I nodded, but as I climbed the stairs, all I wanted was to be on the Montreal Express, barrelling out of Kingdom County and on my way to a life that I could control—where the people I loved didn’t die violent deaths and all things were fair.
21
Election Day, 1952.
Shortly after midnight, my father had driven over to Dixville, New Hampshire, across the upper Connecticut River from Vermont and Kingdom County, to be on hand for the nation’s traditional first presidential returns. In that Republican stronghold, the results were predictable: Eisenhower 22, Stevenson 0. Dad was back by breakfast to announce that in Kingdom Common, anyway, Adlai would get at least one vote.

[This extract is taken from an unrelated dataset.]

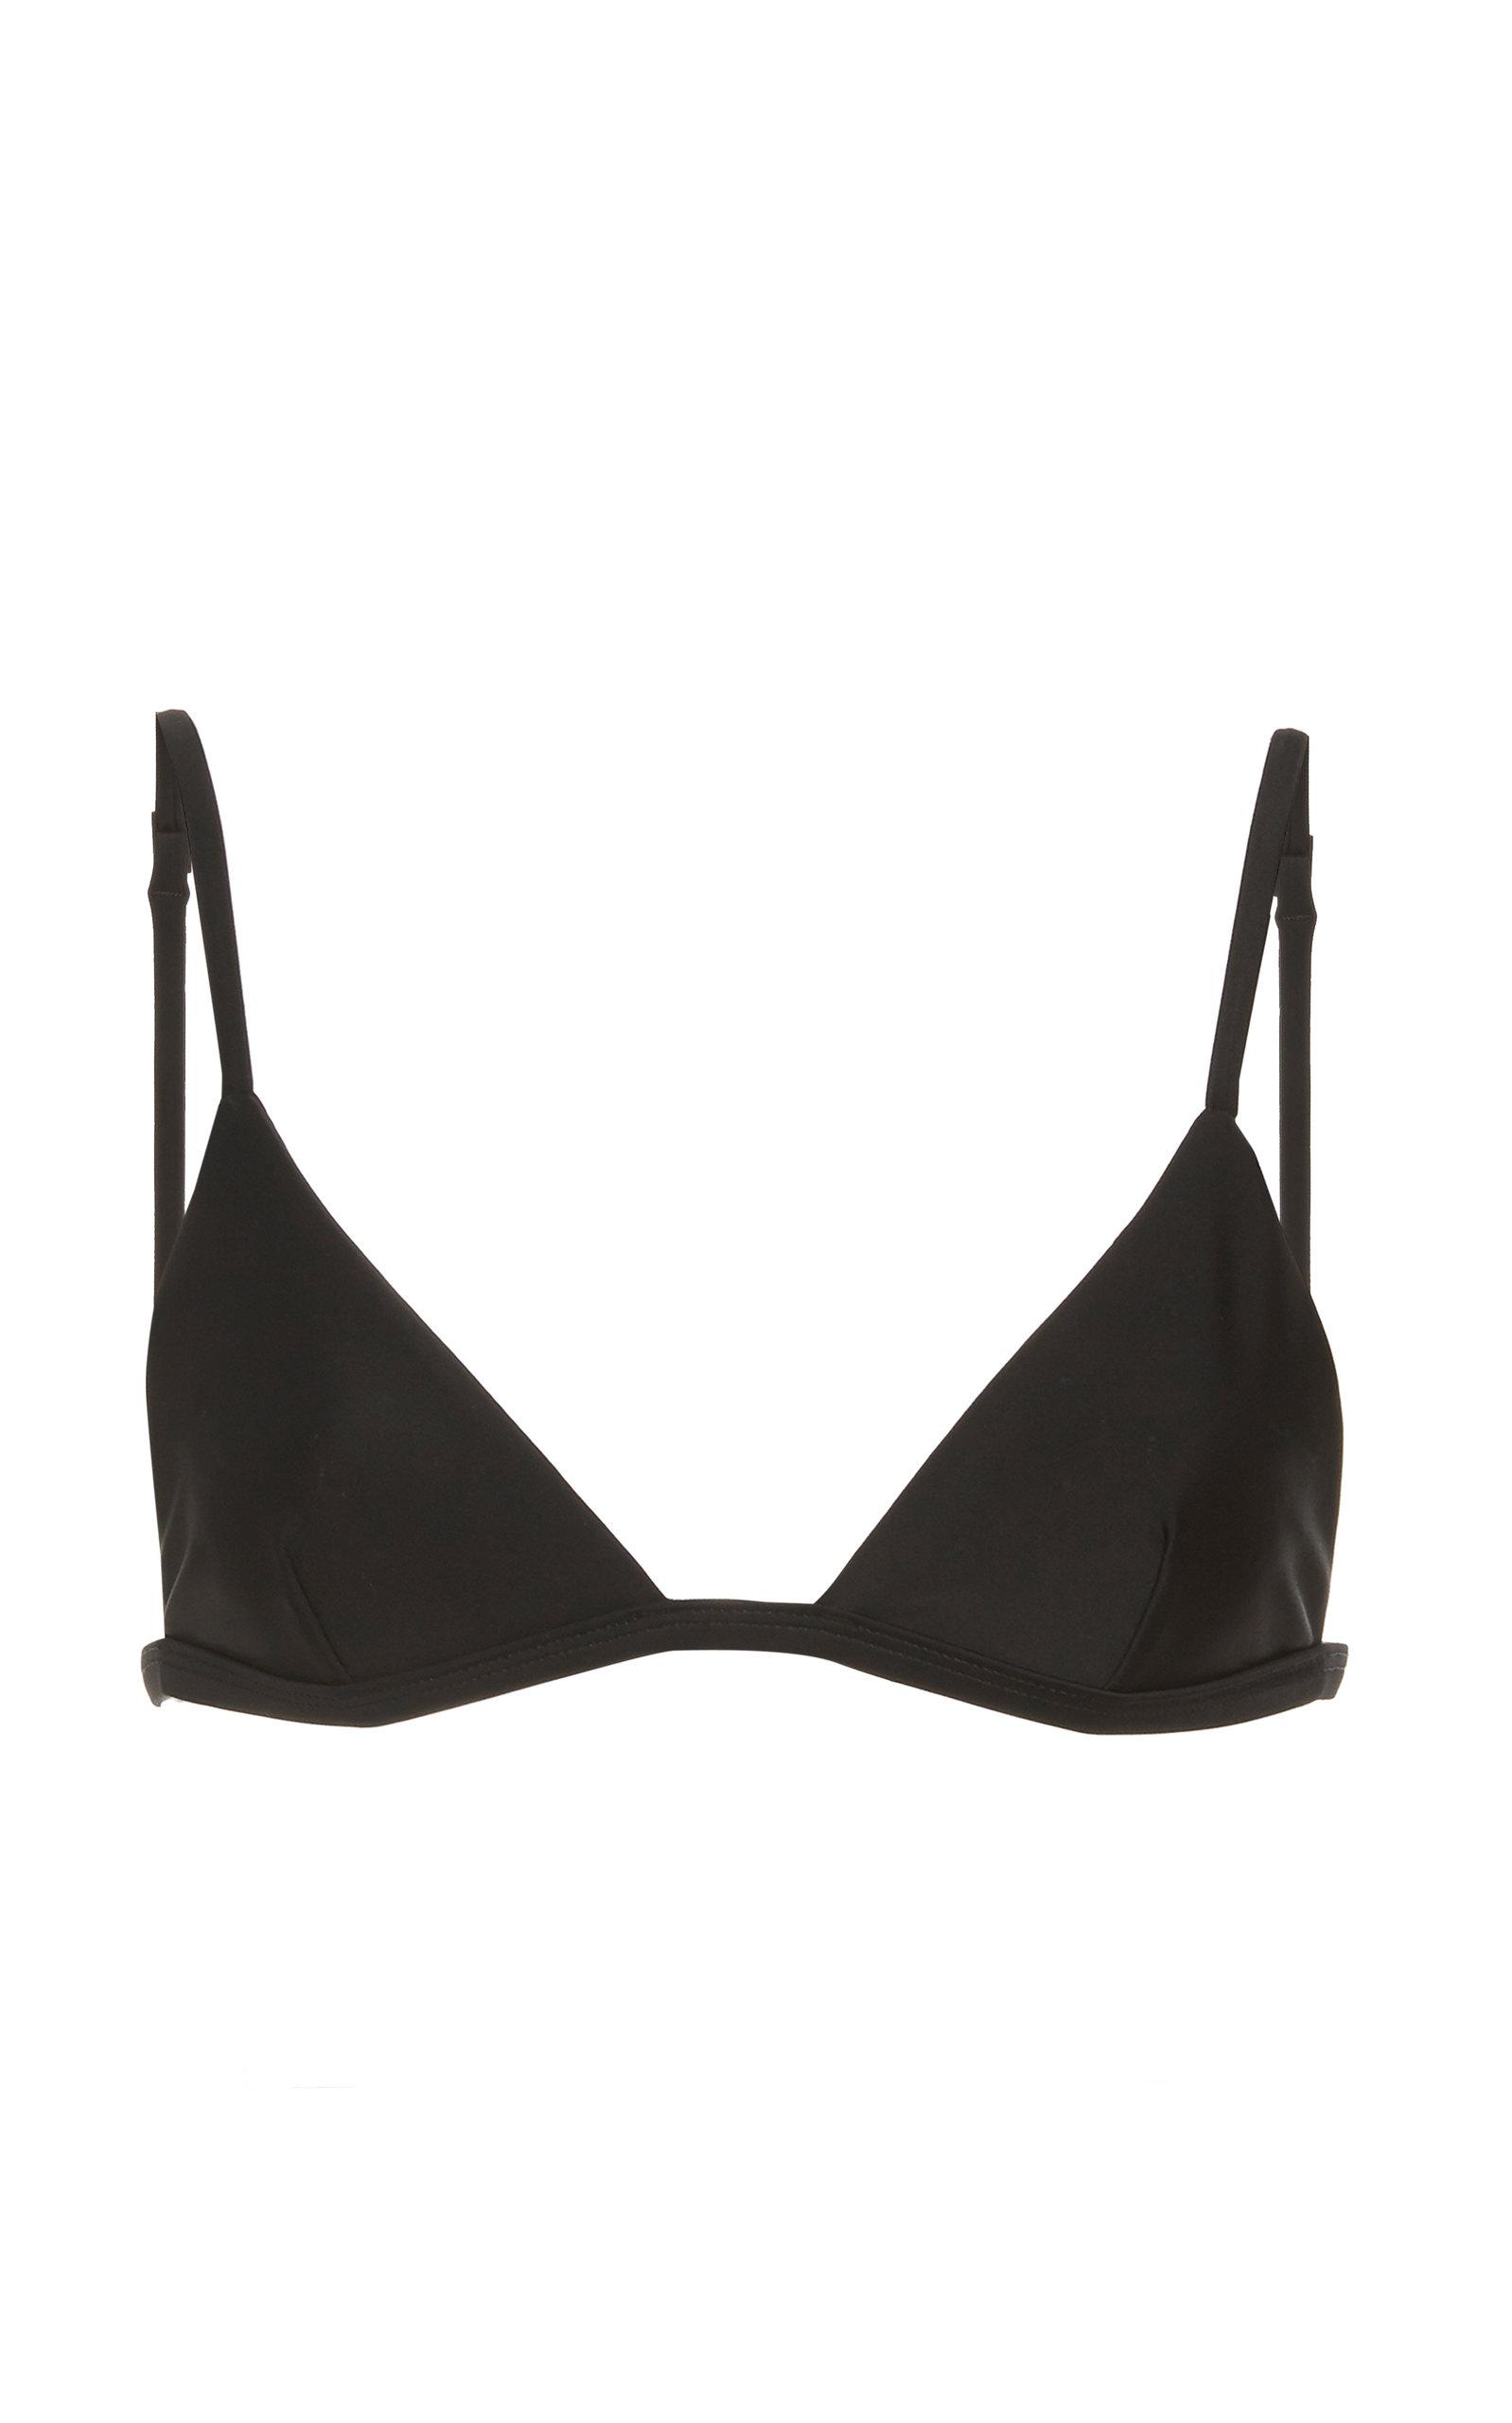 Matteau Synthetic Petite Triangle Bikini Top in Black - Lyst

Locally, the really important races were for county attorney and sheriff. How Zack Barrows had the temerity to run for prosecutor again I have no idea, but he did just that. Even though Charlie had to conduct a write-in campaign, my father predicted that Zack would be lucky to get fifty votes. In the sheriff race, Pine Benson was running against Mason White, and while Charlie didn’t think White could possibly win, Dad said he would wait until the results were in to make his prediction.
A few downcountry reporters had checked into the hotel the night before to cover the race between Charlie and Zack and write the final follow-up stories on the Affair, but for the most part, talk about the tragic events of the summer had died down.
A few days after the stabbing, a close friend of Reverend Andrews, a RCAF general, had personally flown the minister from the county’s small airstrip in Memphremagog to Ottawa, where he’d spent another two weeks recuperating in a military hospital, then promptly reenlisted in the Air Force. Nat was back at his grandmother’s, going to school once more in Montreal, and I had neither heard from him nor, I am ashamed to say, written since he’d left on the day after the stabbing.